# Official Atlanta Pro Solo event thread



## Andy (Jul 16, 2003)

TeamM3 said:


> I'm saying that generalities followed blindly lead to many dead ends


Yes, that is true. All I'm saying is that if you're looking at a section of the course and are torn between going wide to carry momentum or going tight to cut distance... I have found that *when I am torn* about what line to take, 90% of the time the tighter line was faster.


----------



## TeamM3 (Dec 24, 2002)

Andy said:


> Yes, that is true. All I'm saying is that if you're looking at a section of the course and are torn between going wide to carry momentum or going tight to cut distance... I have found that *when I am torn* about what line to take, 90% of the time the tighter line was faster.
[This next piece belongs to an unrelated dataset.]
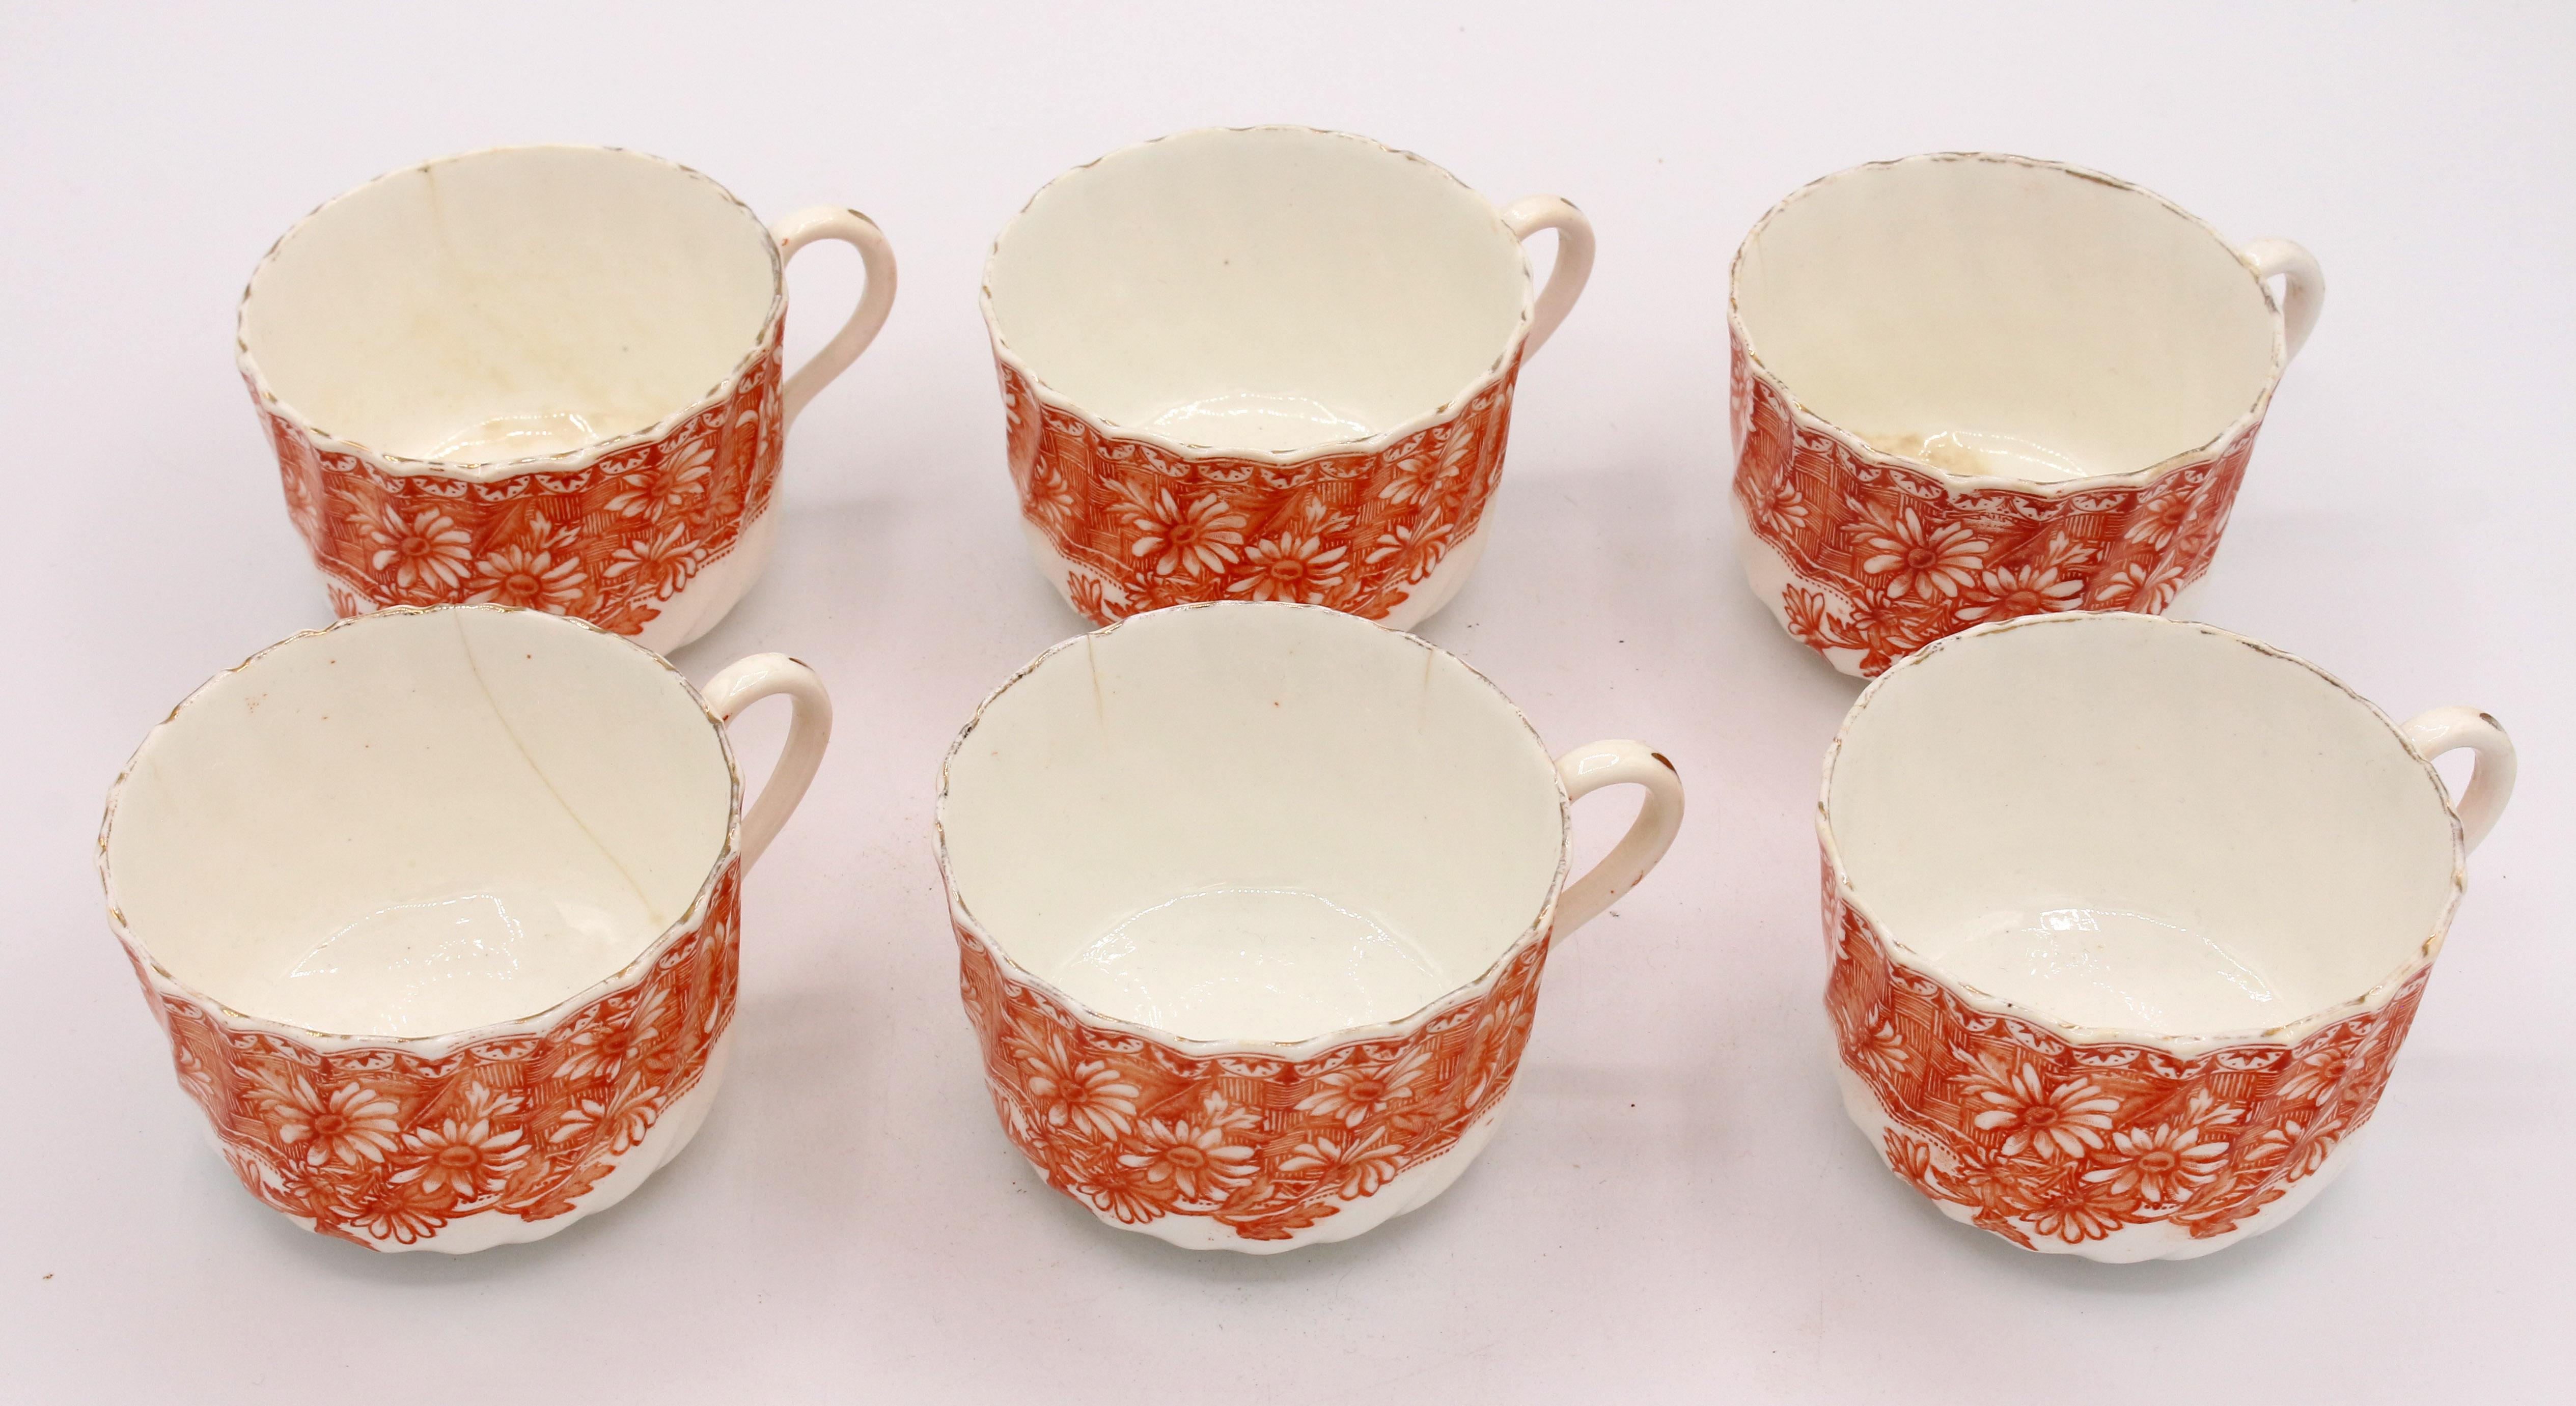 An English china orange decor tea & cake service for 6, circa 1880-1900, transfer printed in a Japonisme motif. 6 cups & saucers, 6 cake plates & a pair of serving plates. Tea stains & kiln flaws.
8 3/8

apparently I must refer to the fallback position ...

noob


----------



## Andy (Jul 16, 2003)

TeamM3 said:


> apparently I must refer to the fallback position ...
> 
> noob


Well this noob is getting $125 from BMW for his 3rd place finish, so&#8230; :neener:

:angel:


----------



## elbert (Mar 28, 2002)

TeamM3 said:


> I'm saying that generalities followed blindly lead to many dead ends


Are you going to start writing fortune cookie messages


----------



## TeamM3 (Dec 24, 2002)

Andy said:


> Well this noob is getting $125 from BMW for his 3rd place finish, so&#8230; :neener:
> 
> :angel:


even a blind squirrel can manage to trip across his own nut once in a while :dunno: :eeps:


----------



## Andy (Jul 16, 2003)

TeamM3 said:


> even a blind squirrel can manage to trip across his own nut once in a while :dunno: :eeps:


Now, I think I actually did see that in a fortune cookie once&#8230; the phrase I mean, not the nuts.


----------



## Mike48162 (Oct 17, 2003)

*My two cents...*

Nice driving Andy...was wondering what you did with the improved times at end of the day on Sunday. One of the advantages I have up here in Ohio is driving against Jack in DS all the time...and he is the master of that short/'slow' line that he uses to beat you by a second.

The other thing you said 'Sixty foot into the course and I am already 4/10th behind.' Yes, 330's give up some in acceleration...but the one thing they do do well is brake...and done right you might pick up atleast 1/2 this time outbraking an WRX into the first corner. I find I can wait stupidly long and then if I am hard but composed with inputs the car will do what you want running at 10/10s even transitioning into a corner.

The other thing that Andy you mentioned is working on the driver...which you know is the key....but now with the move to STX you are changing the car a lot...which is fun but whenever I did this what I found was that I was more watching how the car was doing or handling...and so was less focused on my driving.

Local events are for playing with set-up...National and CENDIV events are for driving.
So c'mon up to Toledo airport this weekend.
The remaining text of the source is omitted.